For the network guys: I know that direct connect is not the best means to do this but the correct way would involve another switch or at least creating a VLAN on the current switch if that was possible. This is for reasons of buffering for one, but out of scope for this article.

So yes, now the server is the only thing with access to the iSCSI SAN and requests are made from the server and the server handles the SAN like a local disk from this point on.

Dirrect connection iSCSI actually performs better than through a switch. our office/lab QNAP has a direct connection to one of office VMhost. True if you have a non-blocking switch it about the same, but in theory direct can be better if your not MPIO.

Direct is actually recommended.

VLANs are not recommended. Those are the bane of networking. They fool people into thinking that they’ve gotten the performance of a new switch but they haven’t.

iSCSI is a way of sharing something that looks like a raw disk drive over a network. It actually can be just a disk drive, by the way. If multiple computers have peer read/write access to a disk drive as block storage simultaneously, you get corruption.

I think the best way to think about it is having the SAN connected to a completely different network, that only the server and the SAN are on. That’s actually the best way to physically configure it too.

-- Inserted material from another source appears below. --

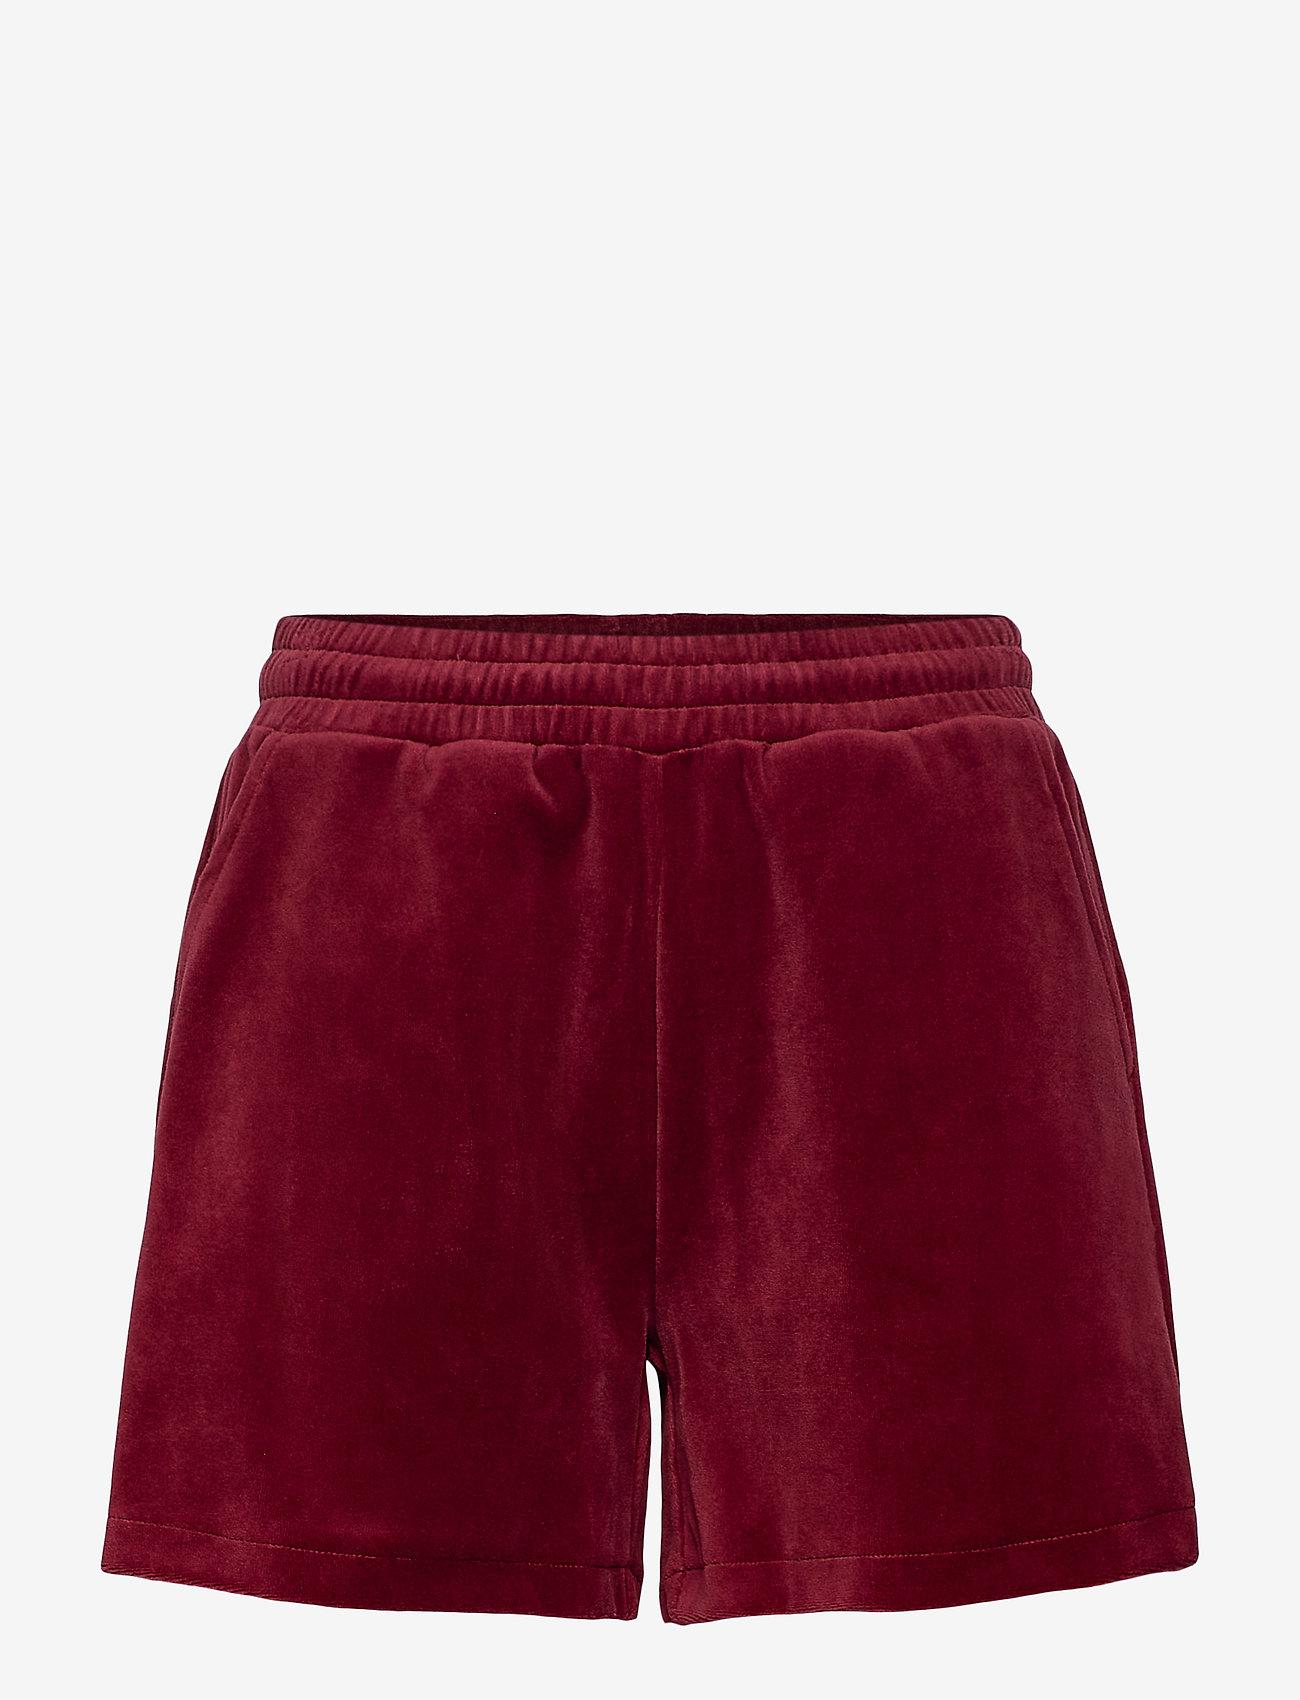 Rosemunde - Shorts - shorts casual - cabernet - 0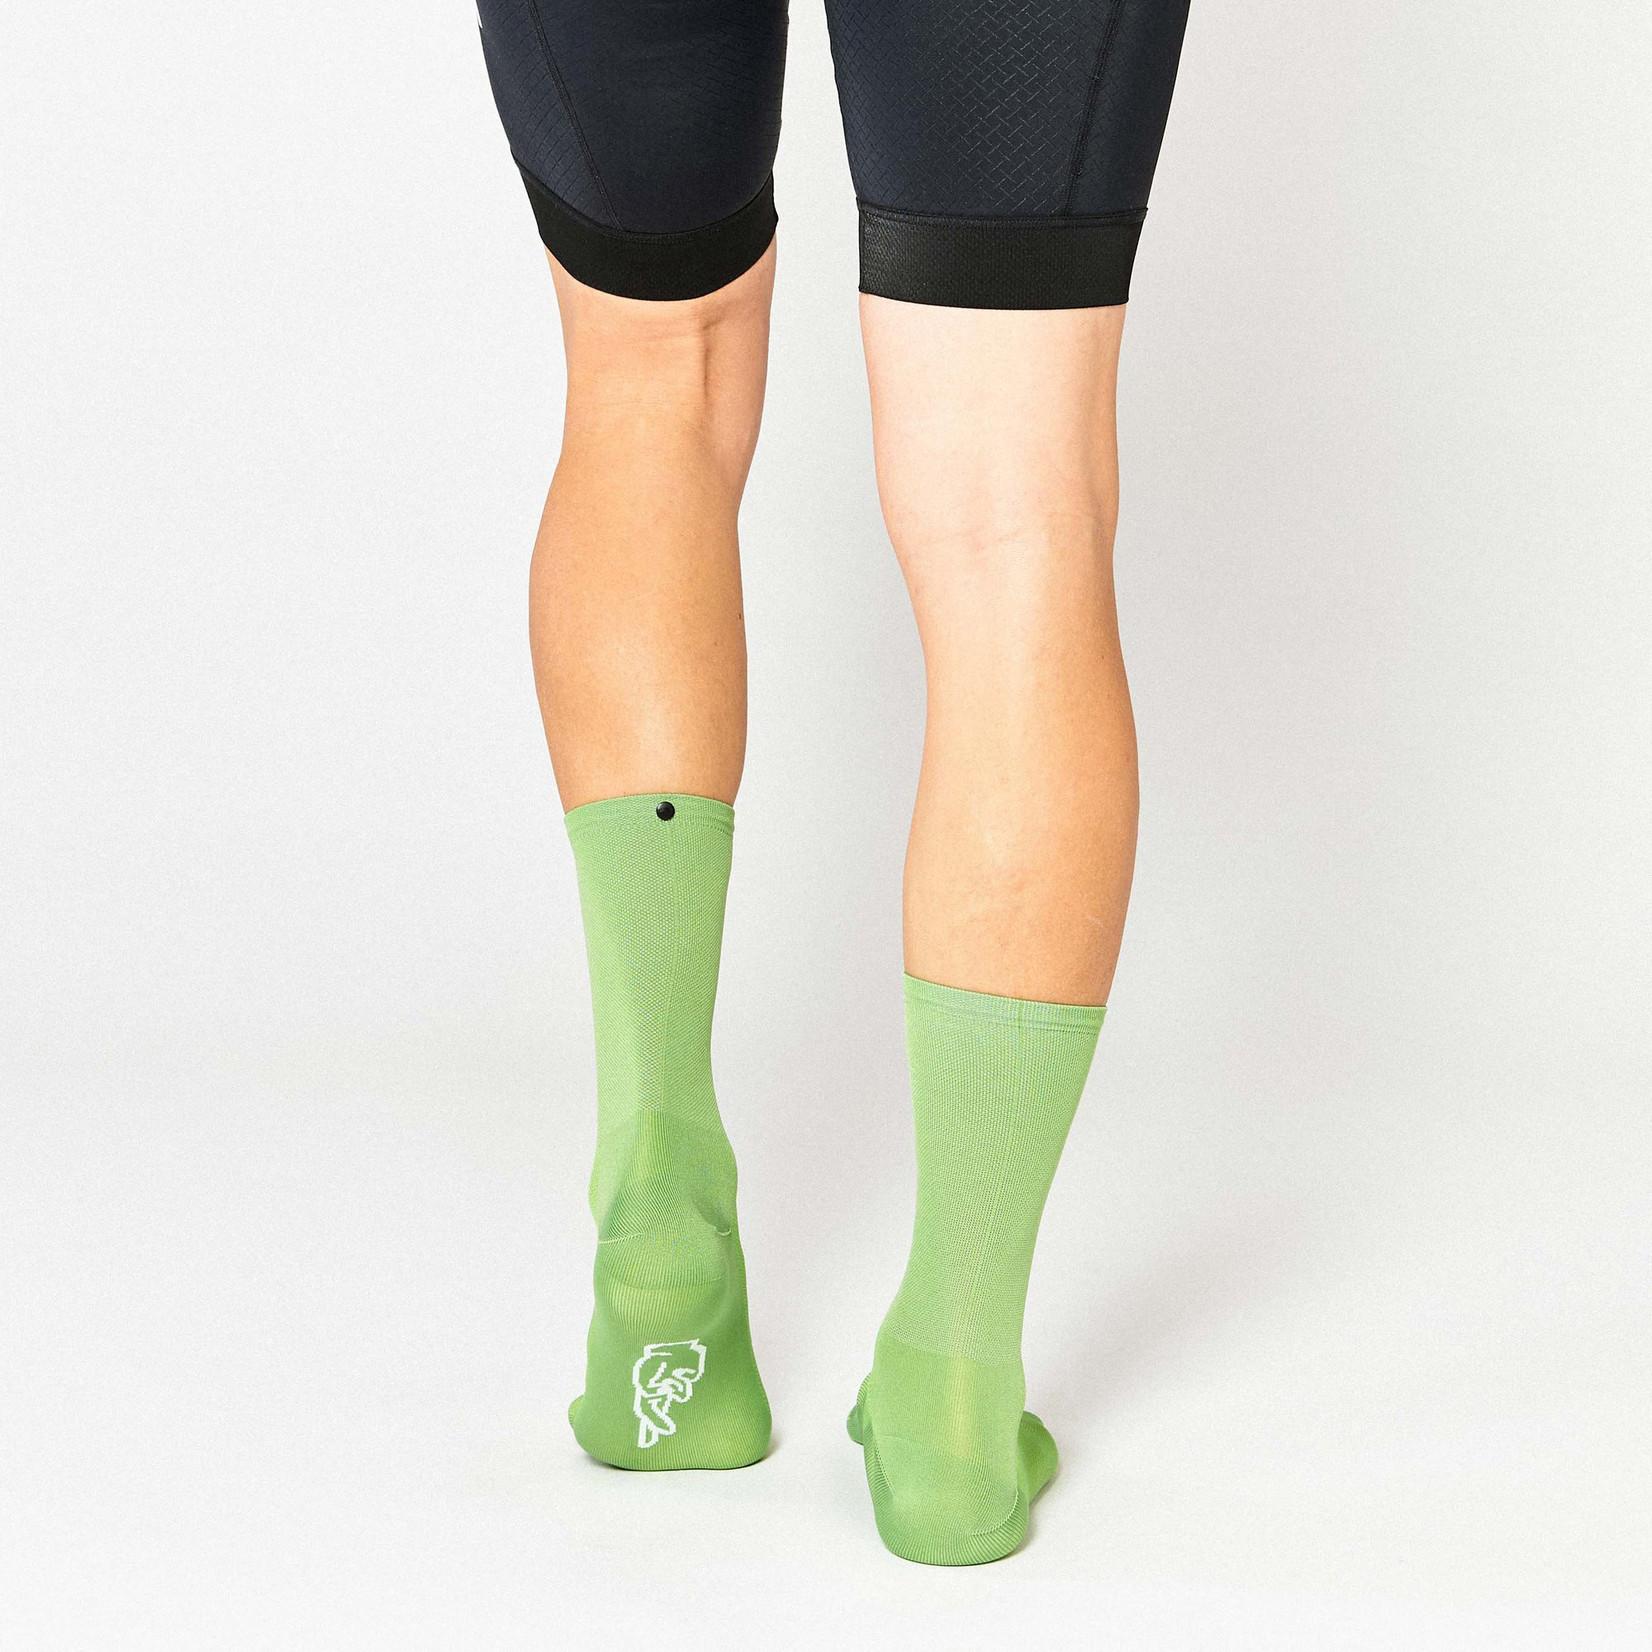 Fingerscrossed FINGERSCROSSED Classic Socks - Jade

Then the question becomes superfluous. The SAN and workstation aren’t connected to the same network, so it’s not possible to consider. If they were connected, it’s actually a problem, as you have to ensure that only the server in question accesses the LUN in question (or else, corruption).

2 Spice ups

The question becomes, why are you trying to implement a SAN? What you want is called a file server and/or NAS. SAN isn’t the technology that does this. SAN isn’t something that you ever want, it is something that you get stuck with. Never approach storage from a “let’s use a SAN and see were it fits” standpoint.